* [TASK REQUIREMENTS] Repeat precisely the span of lines below that opens with the line containing "You are currently" and closes with the line containing "tests//813/Nintendo Player 007", both included.

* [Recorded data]
* * * * * * *

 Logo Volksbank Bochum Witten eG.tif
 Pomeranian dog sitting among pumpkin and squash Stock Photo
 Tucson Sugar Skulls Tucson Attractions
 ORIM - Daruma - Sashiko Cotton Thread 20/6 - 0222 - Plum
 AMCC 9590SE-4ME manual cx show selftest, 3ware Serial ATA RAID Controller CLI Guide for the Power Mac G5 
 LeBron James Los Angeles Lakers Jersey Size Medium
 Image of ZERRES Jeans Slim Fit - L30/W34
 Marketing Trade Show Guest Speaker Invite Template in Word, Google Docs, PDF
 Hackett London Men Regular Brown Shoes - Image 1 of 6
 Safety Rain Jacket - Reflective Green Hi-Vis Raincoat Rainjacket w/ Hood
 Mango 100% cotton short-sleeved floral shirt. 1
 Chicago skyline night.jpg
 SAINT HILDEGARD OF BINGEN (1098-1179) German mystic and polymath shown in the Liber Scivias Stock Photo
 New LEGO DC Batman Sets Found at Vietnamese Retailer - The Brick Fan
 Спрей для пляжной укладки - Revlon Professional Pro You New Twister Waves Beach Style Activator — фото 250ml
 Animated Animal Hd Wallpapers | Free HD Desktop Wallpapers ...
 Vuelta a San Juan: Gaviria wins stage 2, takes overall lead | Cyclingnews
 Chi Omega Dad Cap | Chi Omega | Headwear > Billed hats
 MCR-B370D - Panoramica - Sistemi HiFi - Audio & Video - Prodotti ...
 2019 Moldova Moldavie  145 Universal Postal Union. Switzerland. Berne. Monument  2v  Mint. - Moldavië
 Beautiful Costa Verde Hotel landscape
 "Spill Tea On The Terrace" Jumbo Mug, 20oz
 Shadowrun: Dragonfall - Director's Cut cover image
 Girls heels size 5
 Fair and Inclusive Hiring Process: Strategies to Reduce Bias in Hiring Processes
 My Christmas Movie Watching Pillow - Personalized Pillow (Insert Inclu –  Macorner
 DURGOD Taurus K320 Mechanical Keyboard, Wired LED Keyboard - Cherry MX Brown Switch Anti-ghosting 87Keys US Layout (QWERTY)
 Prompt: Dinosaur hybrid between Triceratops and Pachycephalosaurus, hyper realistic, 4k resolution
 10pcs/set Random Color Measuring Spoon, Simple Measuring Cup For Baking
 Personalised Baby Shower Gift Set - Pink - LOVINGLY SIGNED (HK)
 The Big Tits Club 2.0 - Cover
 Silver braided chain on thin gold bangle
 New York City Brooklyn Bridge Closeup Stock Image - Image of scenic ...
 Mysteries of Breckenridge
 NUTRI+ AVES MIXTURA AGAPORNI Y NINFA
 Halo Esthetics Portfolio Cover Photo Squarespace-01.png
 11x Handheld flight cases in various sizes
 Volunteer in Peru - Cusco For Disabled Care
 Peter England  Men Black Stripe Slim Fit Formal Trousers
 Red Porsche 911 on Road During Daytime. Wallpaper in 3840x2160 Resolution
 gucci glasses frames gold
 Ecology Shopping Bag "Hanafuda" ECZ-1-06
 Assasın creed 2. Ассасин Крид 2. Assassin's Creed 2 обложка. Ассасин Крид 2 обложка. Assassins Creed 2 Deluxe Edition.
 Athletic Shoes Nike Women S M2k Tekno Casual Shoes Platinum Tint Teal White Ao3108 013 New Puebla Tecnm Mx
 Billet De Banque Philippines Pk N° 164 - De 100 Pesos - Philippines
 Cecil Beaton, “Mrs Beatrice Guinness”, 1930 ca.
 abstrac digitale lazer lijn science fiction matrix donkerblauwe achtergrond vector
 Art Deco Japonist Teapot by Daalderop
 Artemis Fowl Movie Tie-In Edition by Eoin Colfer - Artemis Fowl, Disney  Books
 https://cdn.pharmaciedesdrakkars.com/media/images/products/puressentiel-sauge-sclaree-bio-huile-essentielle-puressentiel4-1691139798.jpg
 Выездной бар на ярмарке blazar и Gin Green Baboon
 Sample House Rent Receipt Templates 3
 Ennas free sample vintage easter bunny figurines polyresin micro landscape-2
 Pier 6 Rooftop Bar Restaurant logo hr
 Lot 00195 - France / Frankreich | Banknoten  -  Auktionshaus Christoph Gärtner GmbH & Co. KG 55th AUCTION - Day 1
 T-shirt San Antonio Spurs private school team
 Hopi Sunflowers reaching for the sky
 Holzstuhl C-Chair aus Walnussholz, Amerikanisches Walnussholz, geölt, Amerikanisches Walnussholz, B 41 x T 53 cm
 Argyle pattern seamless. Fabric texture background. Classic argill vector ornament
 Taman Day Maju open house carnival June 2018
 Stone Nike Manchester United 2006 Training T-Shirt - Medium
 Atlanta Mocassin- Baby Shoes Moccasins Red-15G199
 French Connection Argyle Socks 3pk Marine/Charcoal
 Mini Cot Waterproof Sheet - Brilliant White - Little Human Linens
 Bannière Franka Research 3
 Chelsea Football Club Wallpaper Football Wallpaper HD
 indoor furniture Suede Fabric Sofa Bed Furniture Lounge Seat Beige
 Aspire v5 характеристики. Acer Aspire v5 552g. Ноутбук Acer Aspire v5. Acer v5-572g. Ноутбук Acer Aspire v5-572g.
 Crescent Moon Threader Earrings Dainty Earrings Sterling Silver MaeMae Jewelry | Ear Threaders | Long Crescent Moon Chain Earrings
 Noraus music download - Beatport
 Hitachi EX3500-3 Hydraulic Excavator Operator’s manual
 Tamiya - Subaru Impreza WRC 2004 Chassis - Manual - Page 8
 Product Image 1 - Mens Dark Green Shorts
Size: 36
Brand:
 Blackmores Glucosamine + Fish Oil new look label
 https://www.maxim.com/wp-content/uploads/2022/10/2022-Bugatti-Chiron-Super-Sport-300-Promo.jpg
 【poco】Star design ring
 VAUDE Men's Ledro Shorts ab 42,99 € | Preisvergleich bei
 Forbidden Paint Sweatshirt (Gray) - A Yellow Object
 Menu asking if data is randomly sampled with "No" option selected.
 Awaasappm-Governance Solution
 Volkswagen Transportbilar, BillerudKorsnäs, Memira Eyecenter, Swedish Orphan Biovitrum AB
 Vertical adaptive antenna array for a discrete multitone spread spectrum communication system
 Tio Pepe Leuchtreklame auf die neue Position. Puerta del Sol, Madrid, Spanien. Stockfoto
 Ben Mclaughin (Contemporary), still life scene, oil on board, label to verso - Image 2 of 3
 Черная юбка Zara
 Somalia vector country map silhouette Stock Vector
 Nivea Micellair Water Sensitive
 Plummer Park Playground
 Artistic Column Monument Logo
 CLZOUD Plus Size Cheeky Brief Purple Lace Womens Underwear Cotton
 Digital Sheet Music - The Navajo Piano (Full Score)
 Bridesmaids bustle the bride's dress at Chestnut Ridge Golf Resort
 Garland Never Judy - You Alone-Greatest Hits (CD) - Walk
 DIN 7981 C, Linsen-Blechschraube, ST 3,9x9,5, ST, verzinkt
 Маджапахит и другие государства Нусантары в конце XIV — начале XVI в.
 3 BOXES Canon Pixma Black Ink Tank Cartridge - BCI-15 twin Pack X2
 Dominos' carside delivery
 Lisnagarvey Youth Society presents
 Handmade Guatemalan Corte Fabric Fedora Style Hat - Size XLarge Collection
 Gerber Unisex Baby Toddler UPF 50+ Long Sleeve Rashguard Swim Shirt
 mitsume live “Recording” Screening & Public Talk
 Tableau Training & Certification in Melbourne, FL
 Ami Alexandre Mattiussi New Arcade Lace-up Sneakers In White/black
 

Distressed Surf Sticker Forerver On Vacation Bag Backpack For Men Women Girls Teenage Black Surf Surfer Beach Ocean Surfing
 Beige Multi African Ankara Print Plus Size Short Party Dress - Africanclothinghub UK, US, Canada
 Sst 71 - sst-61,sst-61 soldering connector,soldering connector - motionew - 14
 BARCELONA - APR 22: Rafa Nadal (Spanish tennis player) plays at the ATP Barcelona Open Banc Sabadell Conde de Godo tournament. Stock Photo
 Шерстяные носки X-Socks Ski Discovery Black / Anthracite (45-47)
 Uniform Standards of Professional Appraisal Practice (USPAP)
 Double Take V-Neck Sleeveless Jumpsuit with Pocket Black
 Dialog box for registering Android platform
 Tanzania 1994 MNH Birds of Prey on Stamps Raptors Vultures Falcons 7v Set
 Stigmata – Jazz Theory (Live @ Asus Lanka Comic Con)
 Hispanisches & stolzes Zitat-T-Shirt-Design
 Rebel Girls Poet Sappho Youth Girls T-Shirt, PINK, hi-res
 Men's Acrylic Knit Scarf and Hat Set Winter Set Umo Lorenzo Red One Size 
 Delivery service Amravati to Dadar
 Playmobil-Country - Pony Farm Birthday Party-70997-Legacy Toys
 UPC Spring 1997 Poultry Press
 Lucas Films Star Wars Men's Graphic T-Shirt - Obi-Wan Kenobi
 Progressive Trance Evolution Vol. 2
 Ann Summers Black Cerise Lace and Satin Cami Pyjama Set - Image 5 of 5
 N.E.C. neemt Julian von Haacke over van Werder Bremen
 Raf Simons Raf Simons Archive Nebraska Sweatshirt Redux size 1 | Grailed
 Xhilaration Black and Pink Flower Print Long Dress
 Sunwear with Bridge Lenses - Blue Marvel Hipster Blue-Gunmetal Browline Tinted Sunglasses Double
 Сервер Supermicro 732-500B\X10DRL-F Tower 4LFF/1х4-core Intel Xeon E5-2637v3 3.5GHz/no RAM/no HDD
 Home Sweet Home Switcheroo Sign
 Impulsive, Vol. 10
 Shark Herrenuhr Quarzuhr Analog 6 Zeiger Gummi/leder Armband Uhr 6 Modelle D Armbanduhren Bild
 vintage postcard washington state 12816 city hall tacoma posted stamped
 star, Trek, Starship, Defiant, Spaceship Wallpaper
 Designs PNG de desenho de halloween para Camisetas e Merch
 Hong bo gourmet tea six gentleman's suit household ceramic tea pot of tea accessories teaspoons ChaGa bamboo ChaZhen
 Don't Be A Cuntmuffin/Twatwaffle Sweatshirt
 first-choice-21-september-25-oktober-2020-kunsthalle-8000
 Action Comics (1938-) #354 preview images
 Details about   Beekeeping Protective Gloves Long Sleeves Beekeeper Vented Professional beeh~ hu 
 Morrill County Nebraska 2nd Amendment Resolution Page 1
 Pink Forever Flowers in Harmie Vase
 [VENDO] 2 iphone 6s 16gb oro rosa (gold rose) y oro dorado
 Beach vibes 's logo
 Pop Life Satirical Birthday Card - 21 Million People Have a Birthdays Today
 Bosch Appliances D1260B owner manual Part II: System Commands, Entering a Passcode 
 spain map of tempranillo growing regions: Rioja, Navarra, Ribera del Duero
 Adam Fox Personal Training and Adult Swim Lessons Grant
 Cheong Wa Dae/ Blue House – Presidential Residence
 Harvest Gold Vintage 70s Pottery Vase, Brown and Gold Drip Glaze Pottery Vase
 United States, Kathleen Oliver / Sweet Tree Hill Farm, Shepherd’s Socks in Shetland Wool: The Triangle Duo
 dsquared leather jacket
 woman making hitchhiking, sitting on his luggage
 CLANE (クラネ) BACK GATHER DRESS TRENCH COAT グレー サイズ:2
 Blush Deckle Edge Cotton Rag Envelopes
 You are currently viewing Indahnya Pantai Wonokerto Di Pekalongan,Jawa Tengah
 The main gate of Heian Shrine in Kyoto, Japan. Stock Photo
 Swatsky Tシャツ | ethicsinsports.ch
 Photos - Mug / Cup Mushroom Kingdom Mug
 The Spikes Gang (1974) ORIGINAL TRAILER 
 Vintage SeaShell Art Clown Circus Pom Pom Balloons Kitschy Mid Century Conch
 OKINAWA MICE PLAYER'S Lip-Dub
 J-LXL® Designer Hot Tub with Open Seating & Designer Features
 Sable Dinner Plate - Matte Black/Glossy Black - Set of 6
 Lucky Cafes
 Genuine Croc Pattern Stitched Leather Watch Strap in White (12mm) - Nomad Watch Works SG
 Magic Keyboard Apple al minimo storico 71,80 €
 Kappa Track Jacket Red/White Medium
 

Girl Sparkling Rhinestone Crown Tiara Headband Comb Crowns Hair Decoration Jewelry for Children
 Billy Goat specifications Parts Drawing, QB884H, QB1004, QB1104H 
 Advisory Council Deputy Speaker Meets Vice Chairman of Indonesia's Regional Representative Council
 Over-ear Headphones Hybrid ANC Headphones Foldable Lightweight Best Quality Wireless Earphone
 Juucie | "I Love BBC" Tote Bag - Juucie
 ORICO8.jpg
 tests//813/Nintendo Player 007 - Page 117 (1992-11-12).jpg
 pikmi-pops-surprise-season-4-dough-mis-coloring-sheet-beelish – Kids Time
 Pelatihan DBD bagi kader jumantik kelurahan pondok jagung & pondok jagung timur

* * * * * * *

* [COMPLETED TASK]
 You are currently viewing Indahnya Pantai Wonokerto Di Pekalongan,Jawa Tengah
 The main gate of Heian Shrine in Kyoto, Japan. Stock Photo
 Swatsky Tシャツ | ethicsinsports.ch
 Photos - Mug / Cup Mushroom Kingdom Mug
 The Spikes Gang (1974) ORIGINAL TRAILER 
 Vintage SeaShell Art Clown Circus Pom Pom Balloons Kitschy Mid Century Conch
 OKINAWA MICE PLAYER'S Lip-Dub
 J-LXL® Designer Hot Tub with Open Seating & Designer Features
 Sable Dinner Plate - Matte Black/Glossy Black - Set of 6
 Lucky Cafes
 Genuine Croc Pattern Stitched Leather Watch Strap in White (12mm) - Nomad Watch Works SG
 Magic Keyboard Apple al minimo storico 71,80 €
 Kappa Track Jacket Red/White Medium
 

Girl Sparkling Rhinestone Crown Tiara Headband Comb Crowns Hair Decoration Jewelry for Children
 Billy Goat specifications Parts Drawing, QB884H, QB1004, QB1104H 
 Advisory Council Deputy Speaker Meets Vice Chairman of Indonesia's Regional Representative Council
 Over-ear Headphones Hybrid ANC Headphones Foldable Lightweight Best Quality Wireless Earphone
 Juucie | "I Love BBC" Tote Bag - Juucie
 ORICO8.jpg
 tests//813/Nintendo Player 007 - Page 117 (1992-11-12).jpg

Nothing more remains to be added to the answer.